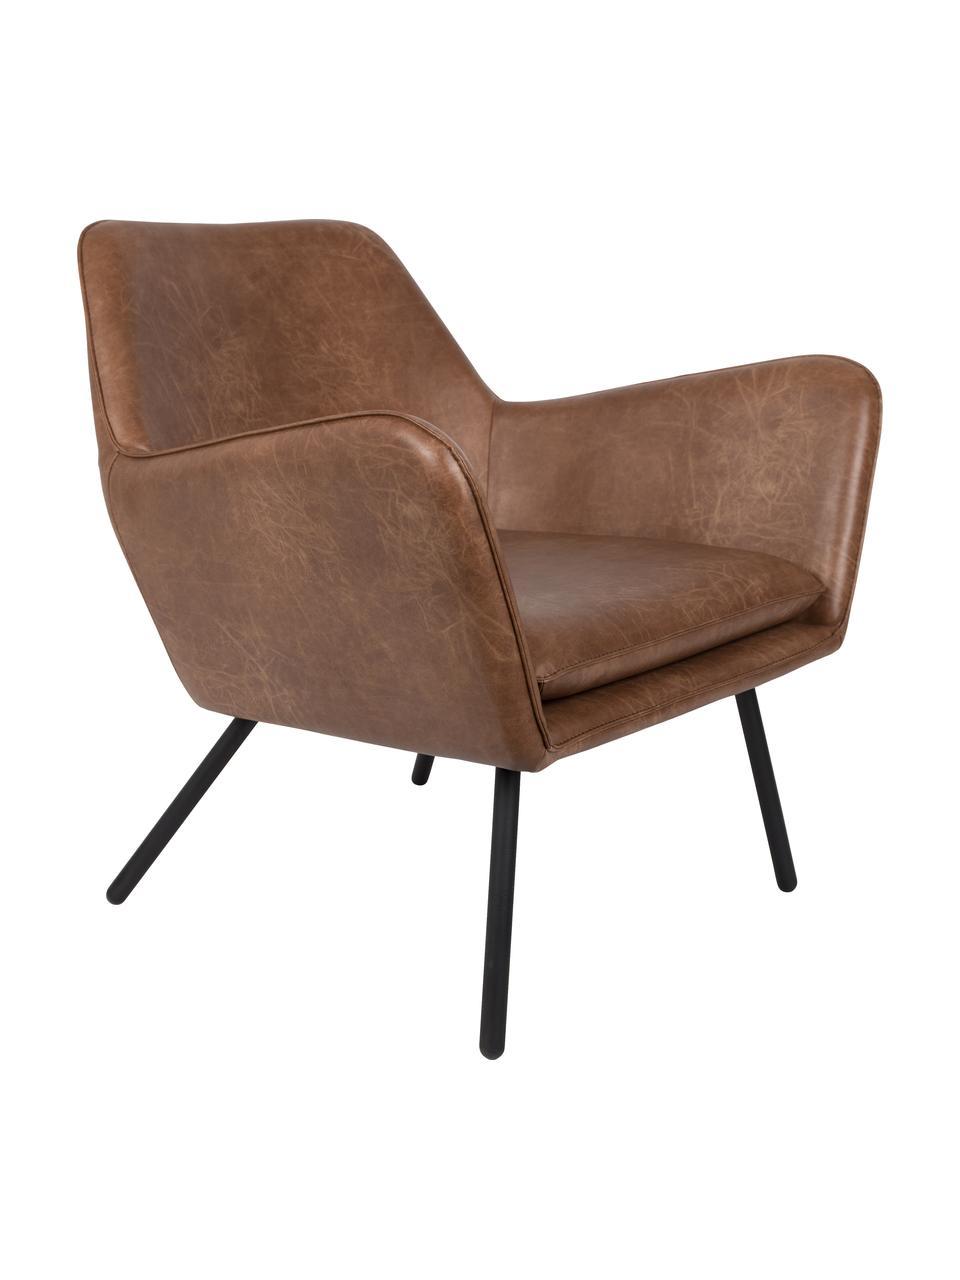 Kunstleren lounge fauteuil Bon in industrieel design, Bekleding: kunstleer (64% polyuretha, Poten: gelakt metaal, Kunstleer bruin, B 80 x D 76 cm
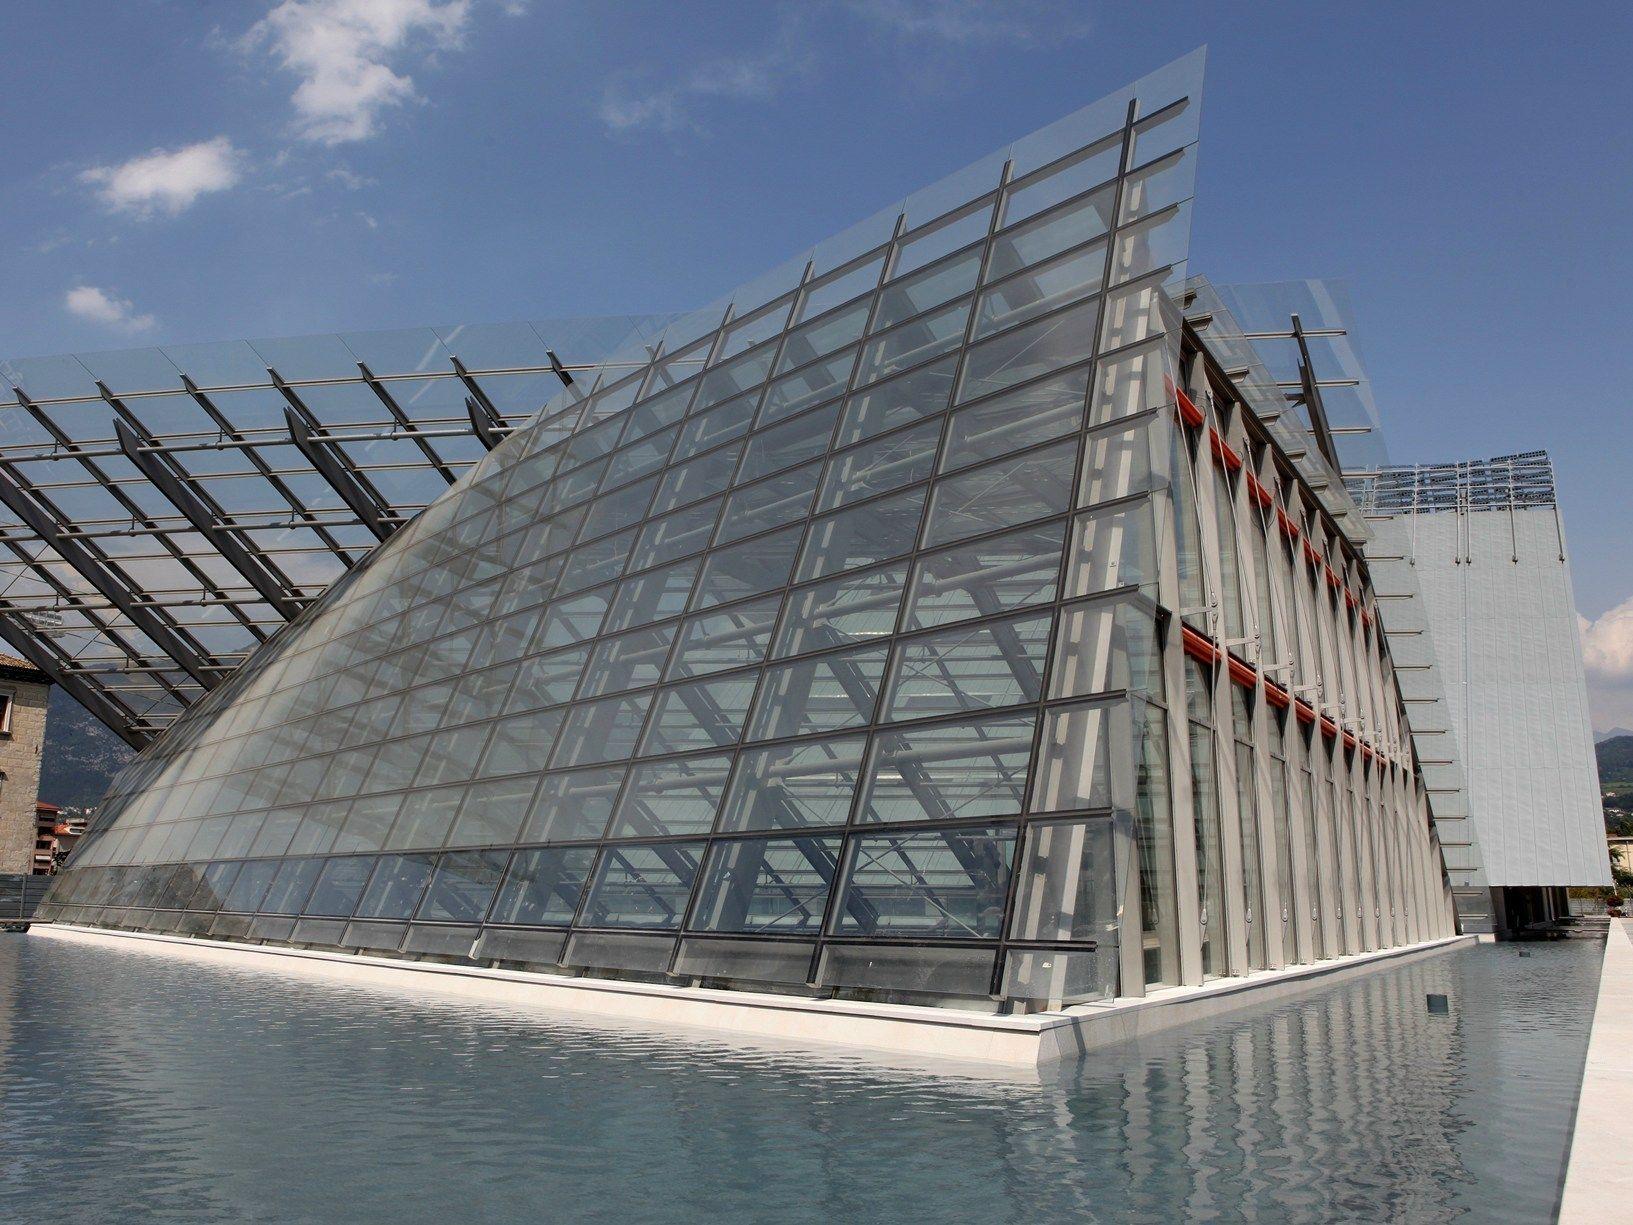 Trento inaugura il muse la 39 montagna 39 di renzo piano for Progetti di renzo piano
___
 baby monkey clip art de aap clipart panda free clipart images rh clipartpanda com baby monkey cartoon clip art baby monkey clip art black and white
___
-- EXERCISE DIRECTIONS --
In the listing above, find the line containing "Kunstleren lounge fauteuil" and the line containing "Trento inaugura il", then return both of them and every line between, exactly, without pictures.

-- RESULT BELOW --
 Kunstleren lounge fauteuil Bon in industrieel design, Bekleding: kunstleer (64% polyuretha, Poten: gelakt metaal, Kunstleer bruin, B 80 x D 76 cm
 Trento inaugura il muse la 39 montagna 39 di renzo piano for Progetti di renzo piano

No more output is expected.